27/05/2018 / Em: Mensagens

 

Irmão Saulo

 

Todos os jovens precisam do amparo dos pais, embora na adolescência, em geral, a rebeldia dos filhos seja inevitável.  Uma tradição de severidade paterna, pautada pelo autoritarismo político e religioso, deu aos pais o conceito errôneo de que devem sujeitar os filhos – e particularmente os jovens – aos seus princípios e maneira de ser.  Mas os jovens trazem a sua própria personalidade e o seu próprio roteiro de vida, e justamente nessa face da adolescência estão firmando o seu eu diante do mundo.

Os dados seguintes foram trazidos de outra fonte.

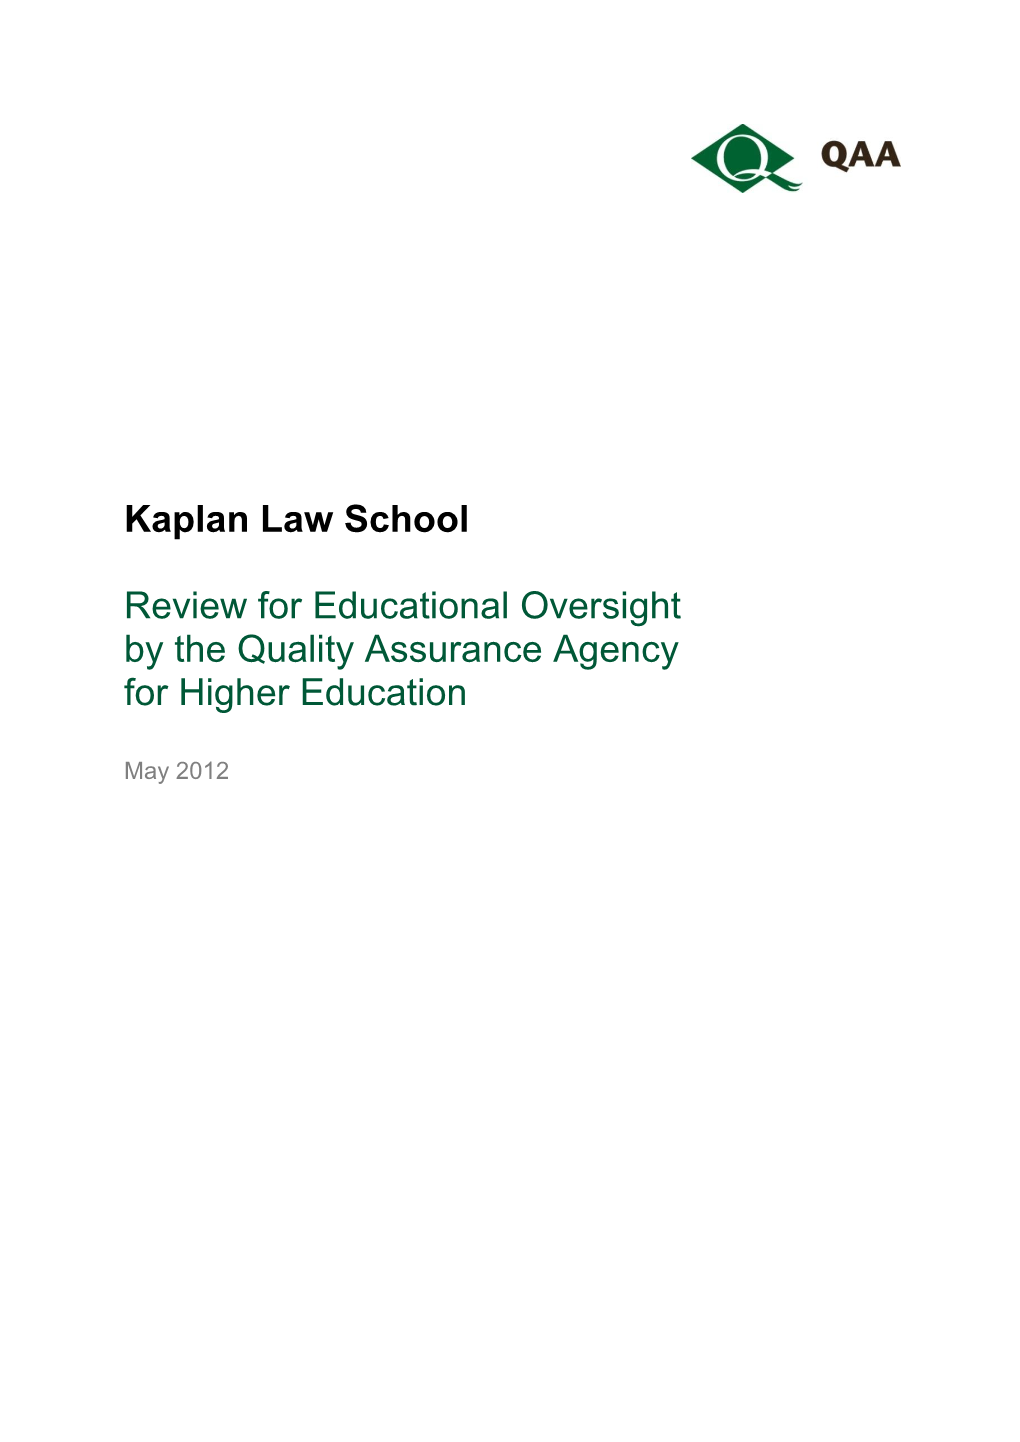 Kaplan Law School Review for Educational Oversight by the Quality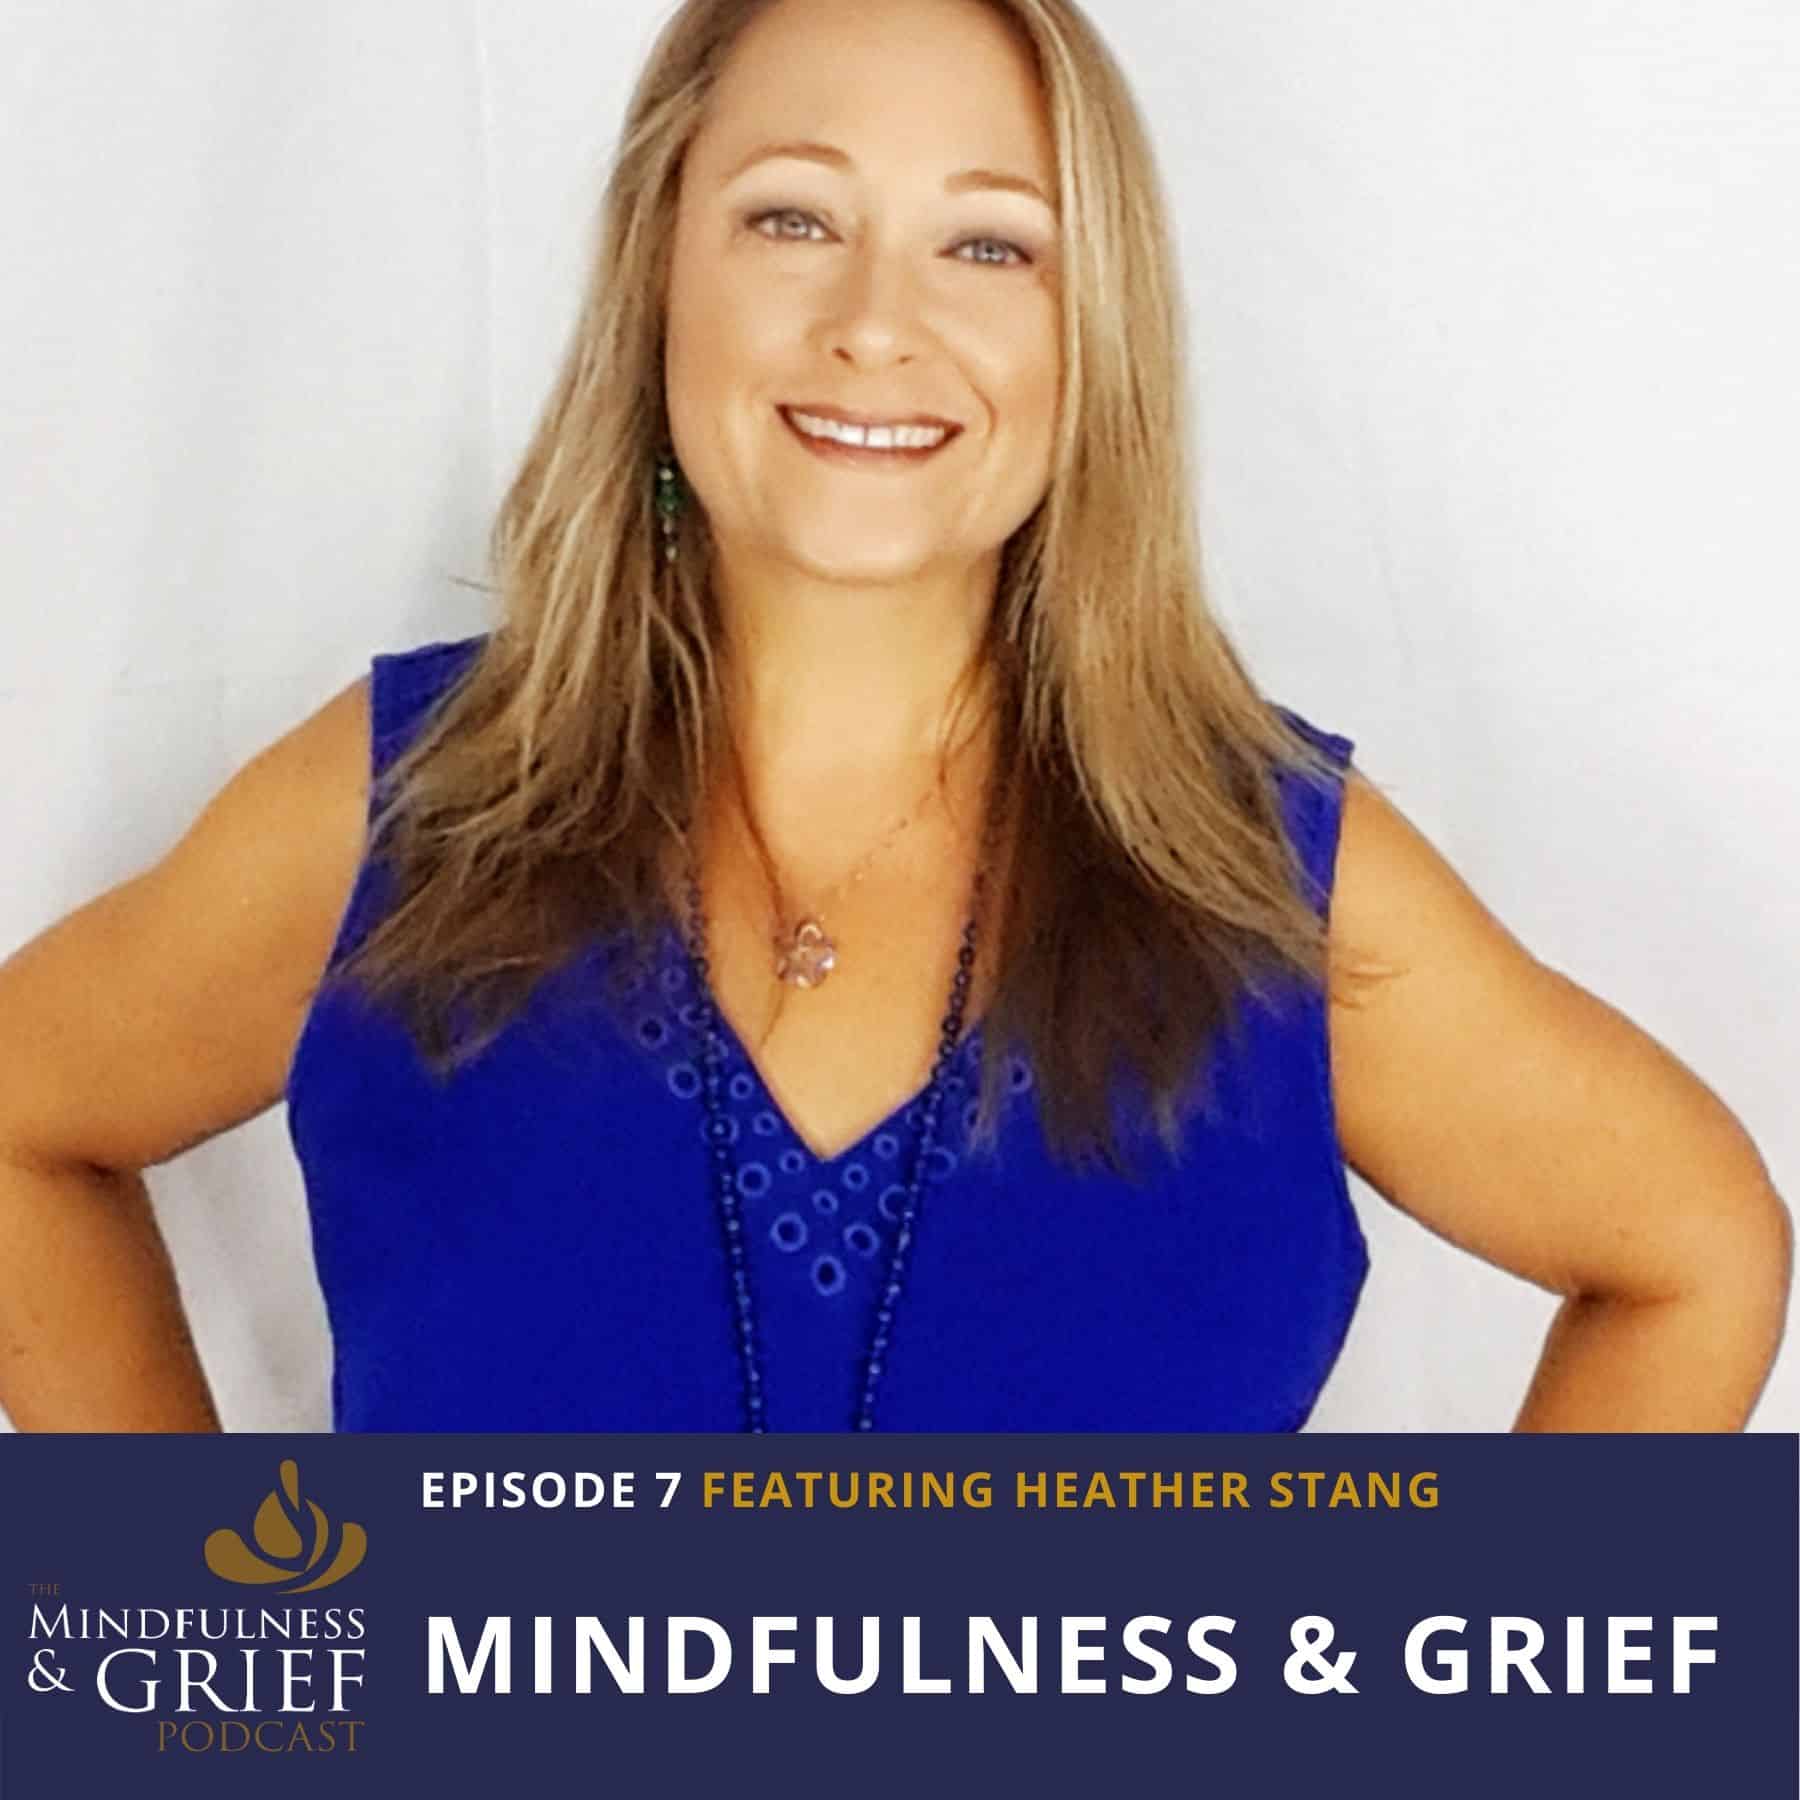 Mindfulness & Grief_ From Self-Care to Posttraumatic Growth with Heather Stang (1)

É conhecido o problema da “crise da adolescência”, sobre o qual Maurice Debesse escreveu um dos seus livros mais belos e profundos.  Mas é em René Hubert, no capítulo sobre a Psicologia da Juventude, de sua “Pedagogia Geral”, que encontramos maior sintonia com os princípios espíritas.

Psicólogos e Pedagogos conhecem bem esse problema que responde pelo chamado “conflito de gerações”. Emmanuel nos dá a sua chave ao lembrar que cada espírito já traz para a Terra a sua prova e o seu roteiro de serviço, escolhidos livremente na vida espiritual segundo as suas necessidades de evolução e aprimoramento.

O amparo dos pais não pode ser dado por meio de imposição e autoritarismo, sob pena de deixar de ser amparo para se transformar em tirania.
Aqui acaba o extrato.